Aquel sacerdote les puso de penitencia ir a Misa y a comulgar al día siguiente, que era miércoles de ceniza y, al cumplirla, Manuel sintió un cosquilleo en la nuca cuando oyó, después de tantos años conviértete y cree en el Evangelio. Todavía hoy vuelve a sentirlo cuando se acuerda de esa frase.

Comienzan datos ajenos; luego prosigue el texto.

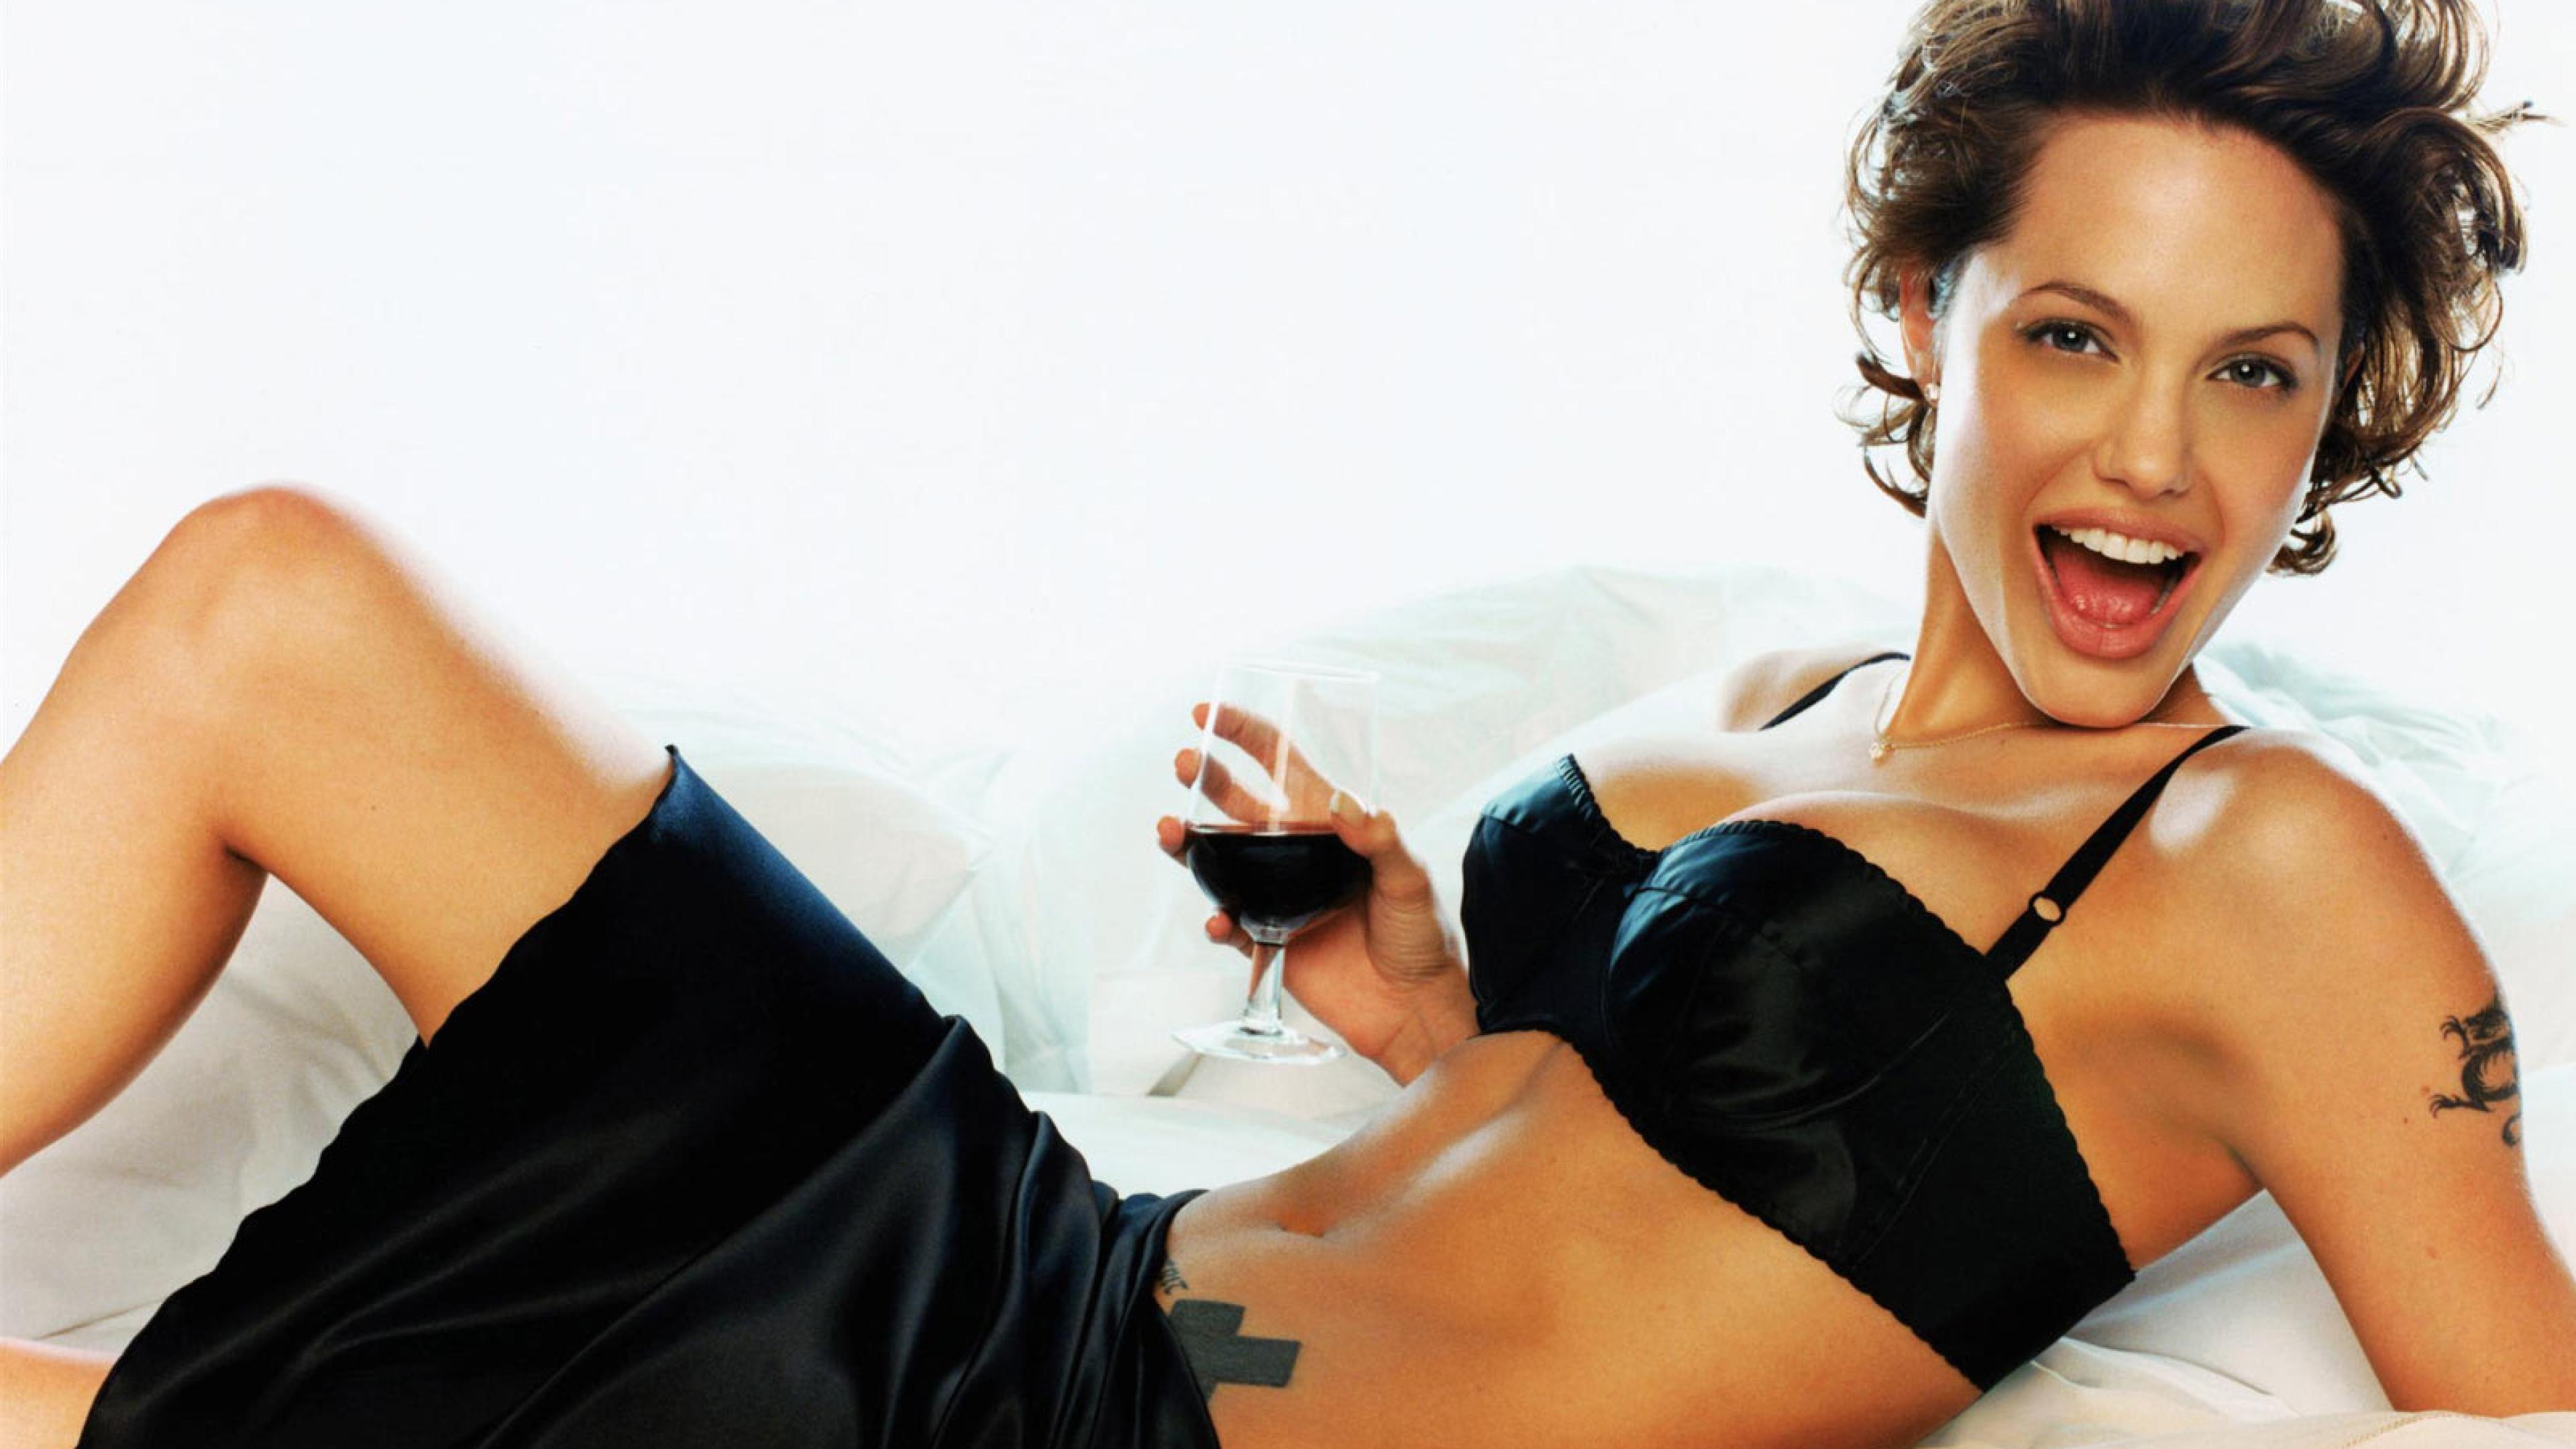 Angelina Jolie Sexy Photoshoot, Full Hd Wallpaper-1462

“Puedo recordar perfectamente cuando era ateo, porque ha sido hace nada. Ahora tengo un consuelo perpetuo, algo a lo que recurrir todos los días. Se vive de otra forma, pero no es fácil de expresar. Si alguien me pidiera que valorara la diferencia de mi vida de antes y la de ahora del 1 al 10, le pondría un 1.000, pero no puedo explicar exactamente en qué. Más bien en todo”.
A su padre, que aún no había fallecido, no le contaron mucho del cambio. Simplemente lo vio. Y un día, cuando ya estaba ingresado, Manuel le dijo: “¿recuerdas cuando no quise ir a la canonización de san Josemaría y te dije todas esas cosas? Sí. Pues ya no pienso nada de eso. Nada más”.
“Me siento muy identificado con el Evangelio del hijo pródigo. Como él, en todo mi proceso, siempre me sentí acogido, nadie me echó en cara nada. A todo el mundo le pareció bien mi vuelta a casa”.